▶ [Work request]:
For the entries that follow, set down each one exactly and drop any pictures.

*** Begin section ***

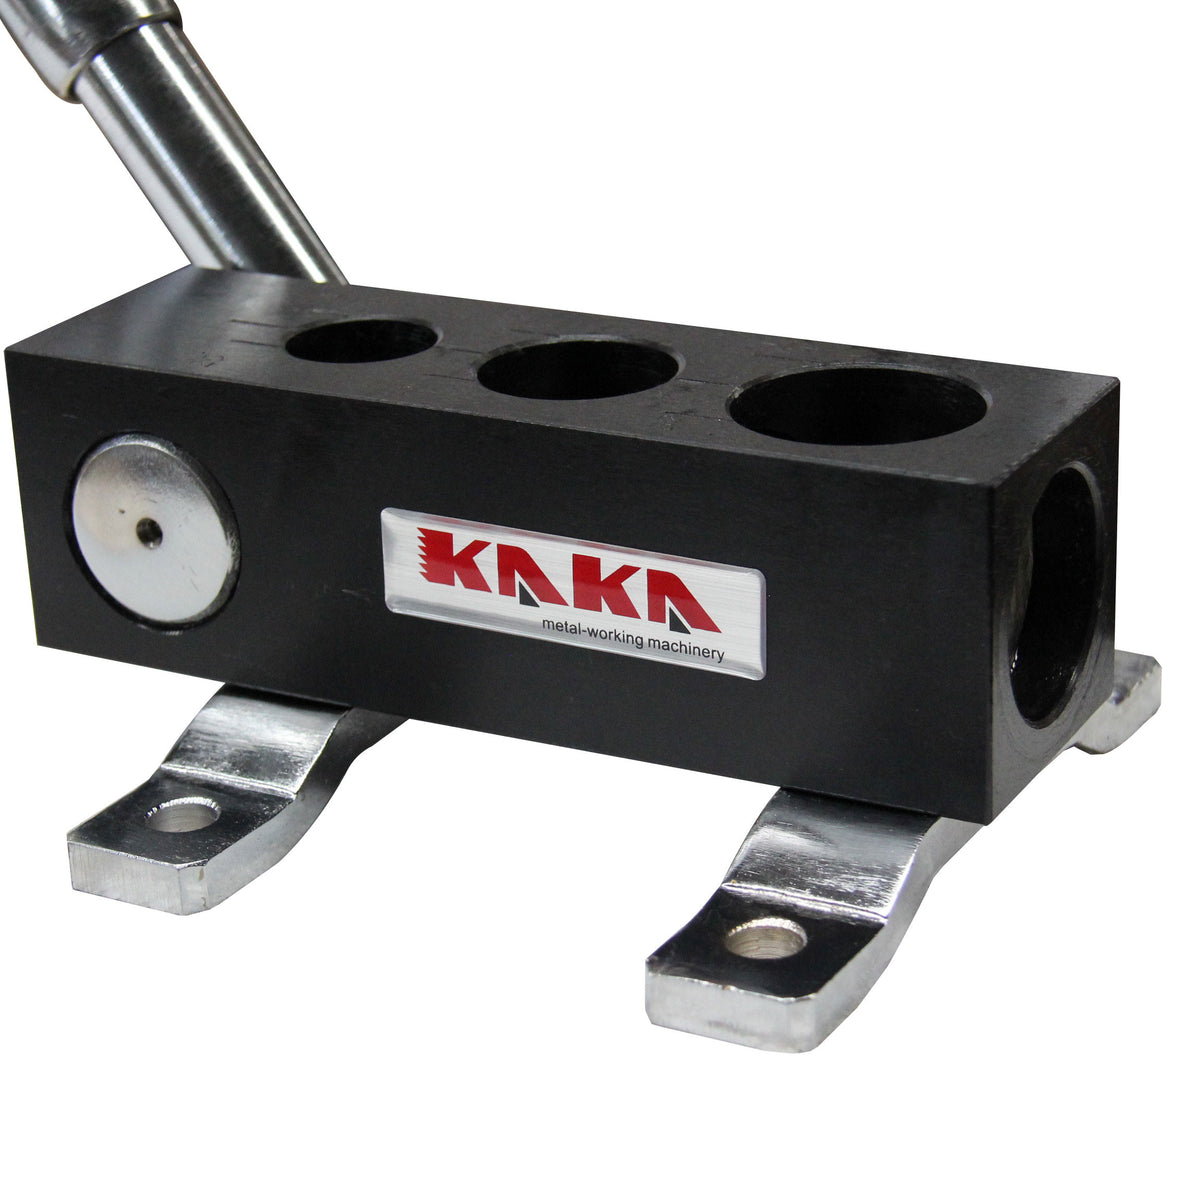 SKA-76 Pipe - Tube and Profile Notching Machine / Abrasive Tube Notcher
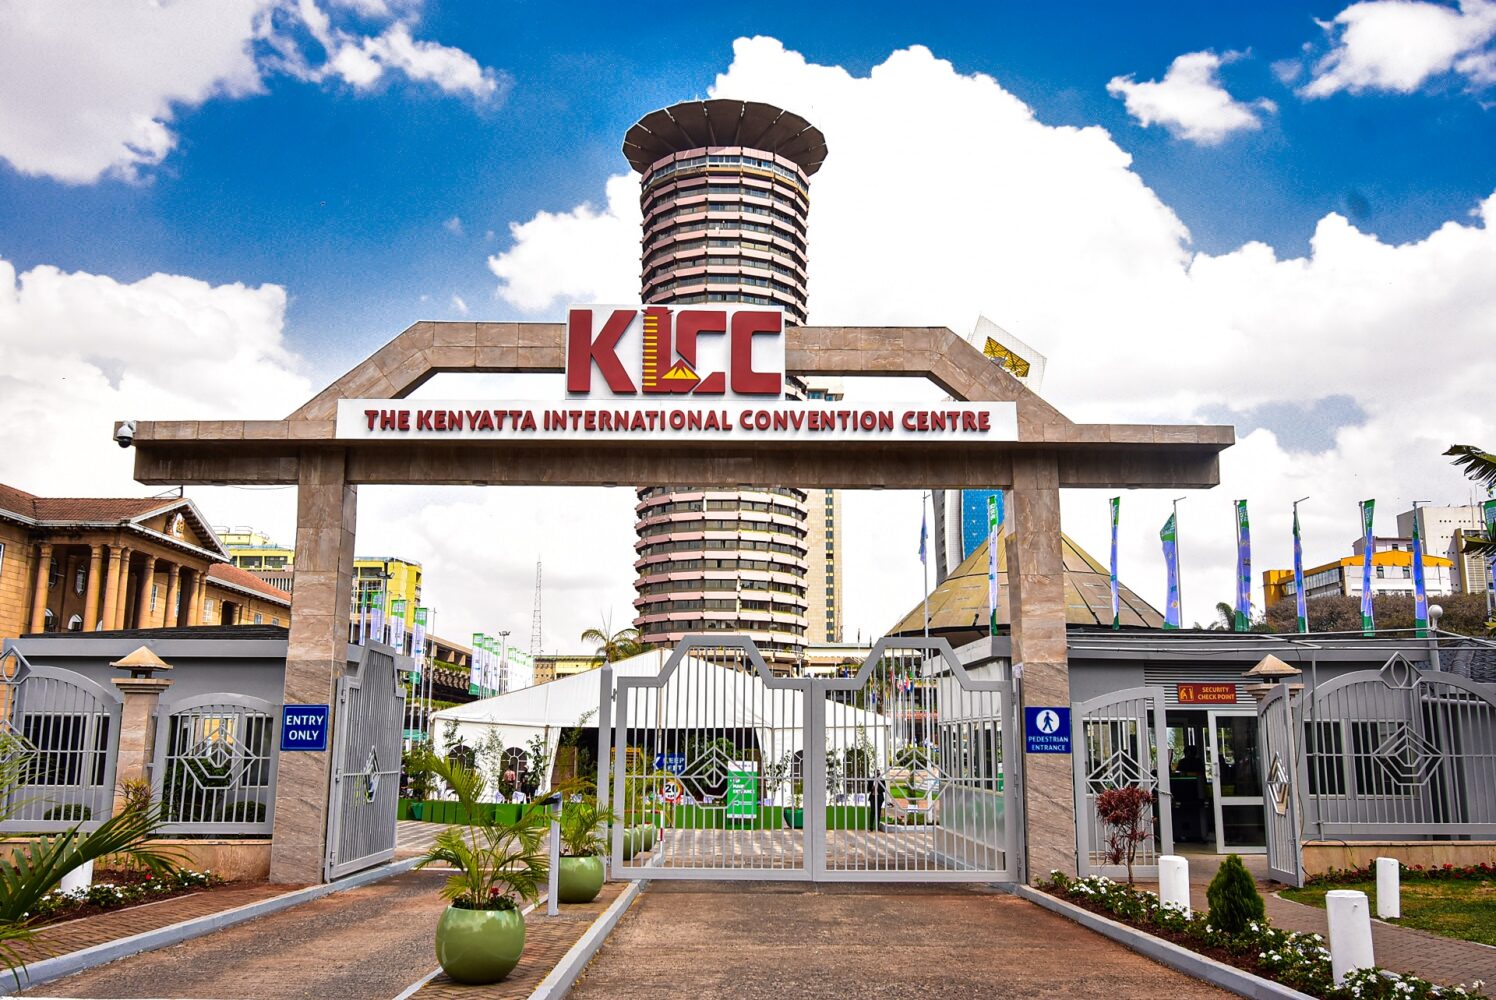 The Kenyatta International Convention Centre (KICC) entrance in Nairobi.
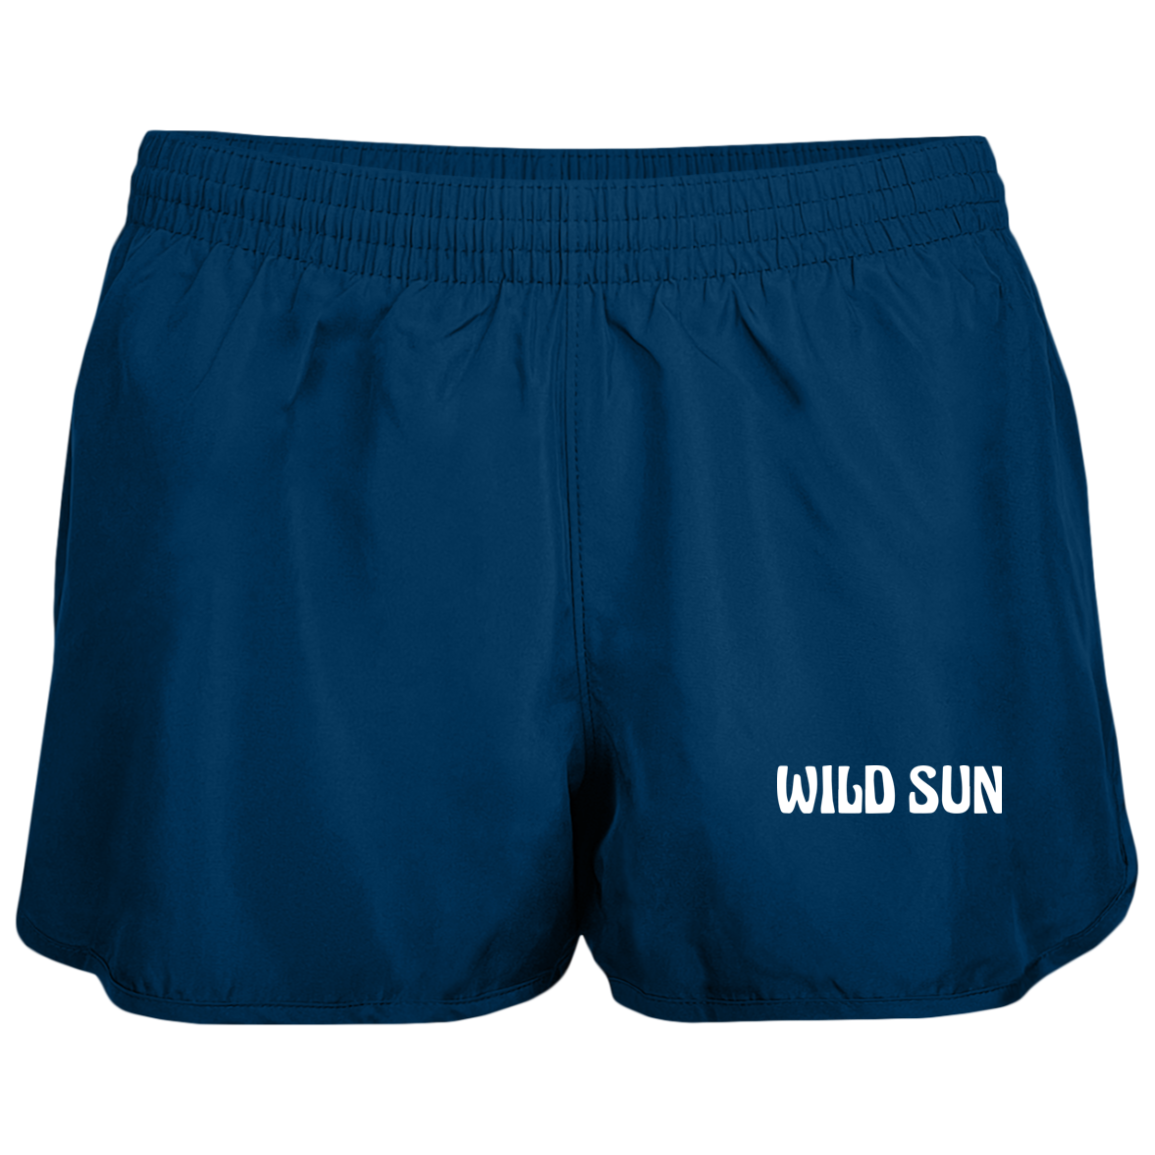 Wild Sun Ladies' Running Shorts
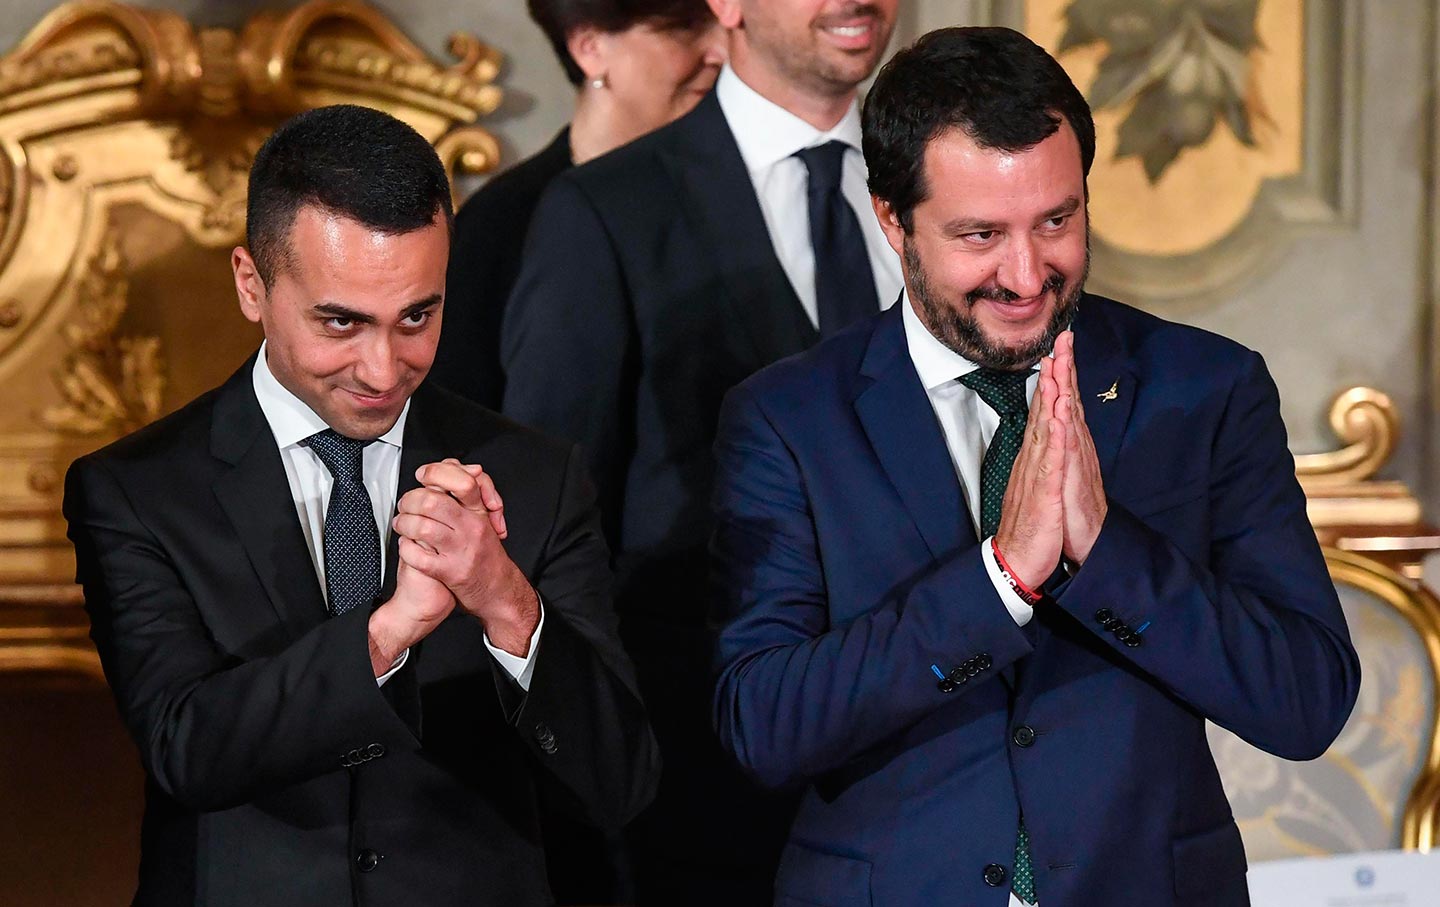 Matteo Salvini’s March on Rome
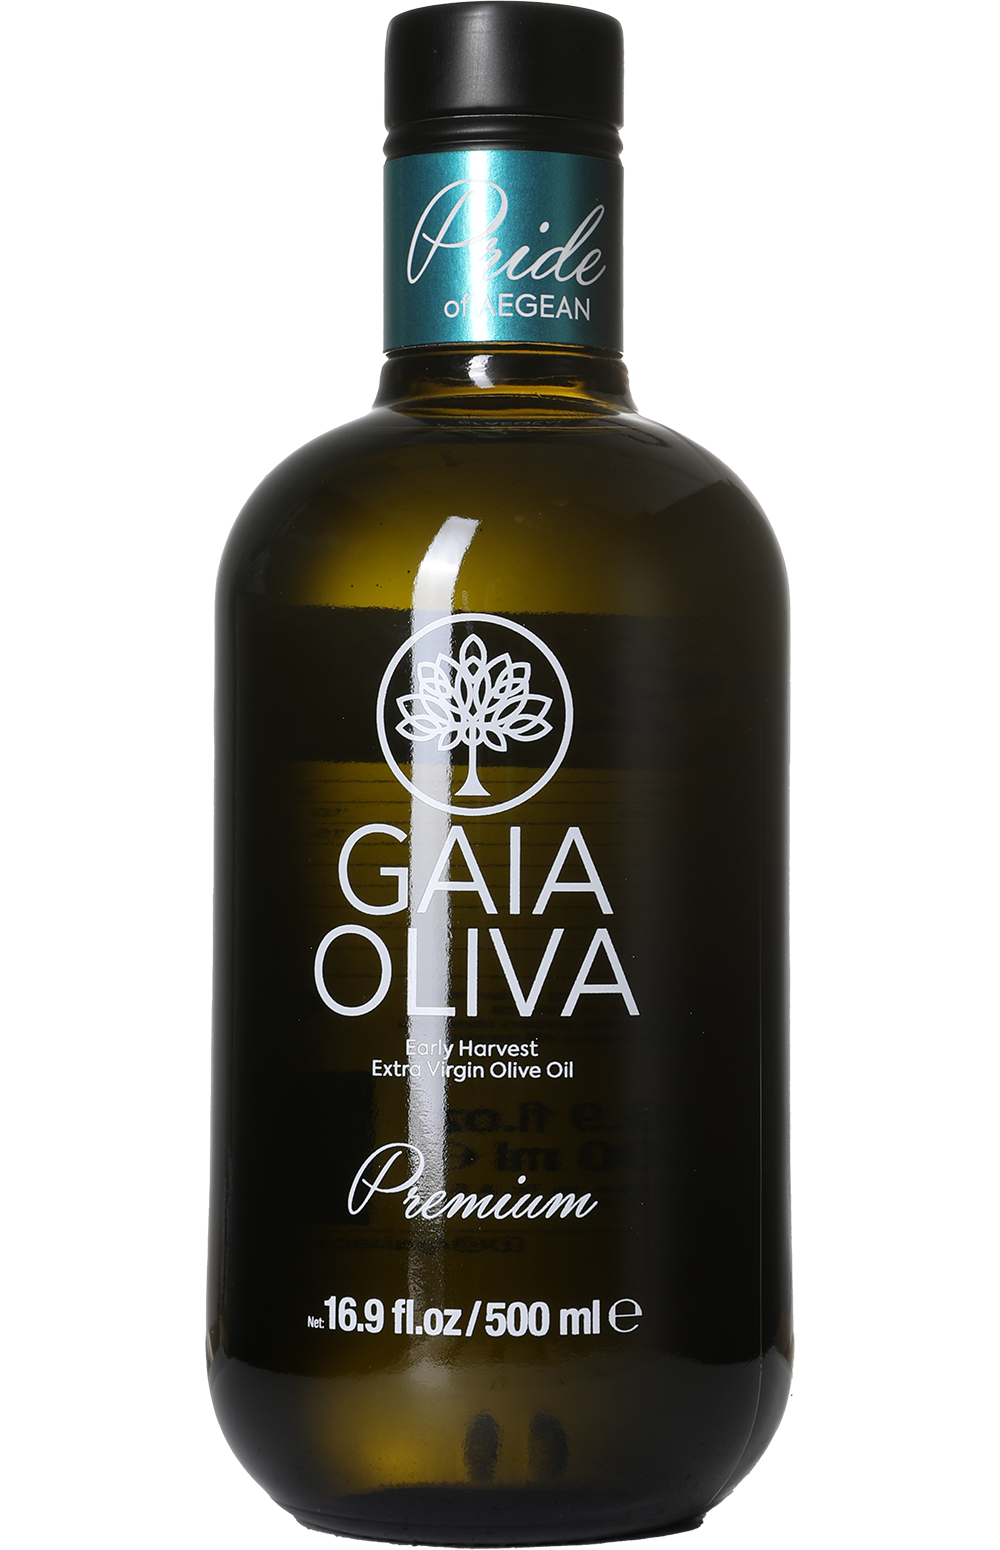 Gaia Oliva  Ltd
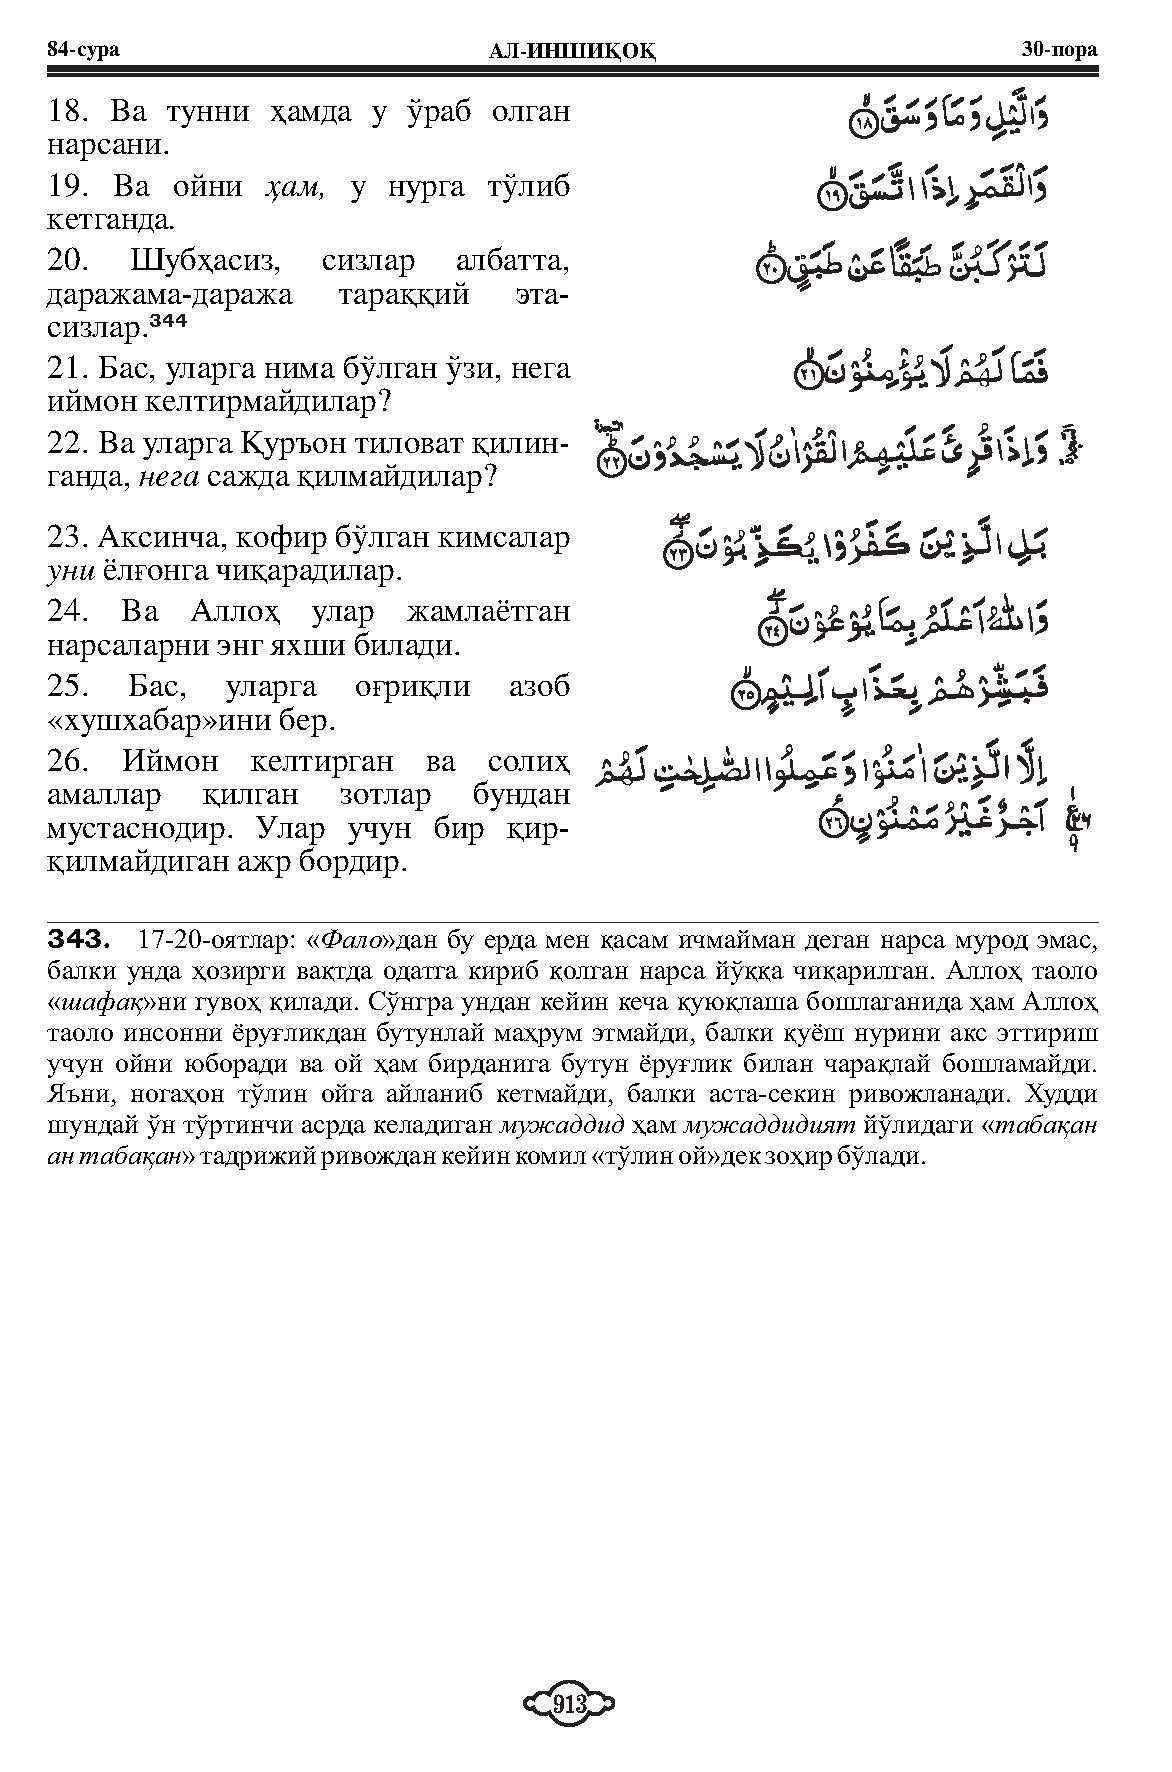 084-al-inshi8qaq_Page_3

*** End section ***

▶ [Written response]:
 SKA-76 Pipe - Tube and Profile Notching Machine / Abrasive Tube Notcher
 The Kenyatta International Convention Centre (KICC) entrance in Nairobi.
 Wild Sun Ladies' Running Shorts
 Matteo Salvini’s March on Rome
 Gaia Oliva  Ltd
 084-al-inshi8qaq_Page_3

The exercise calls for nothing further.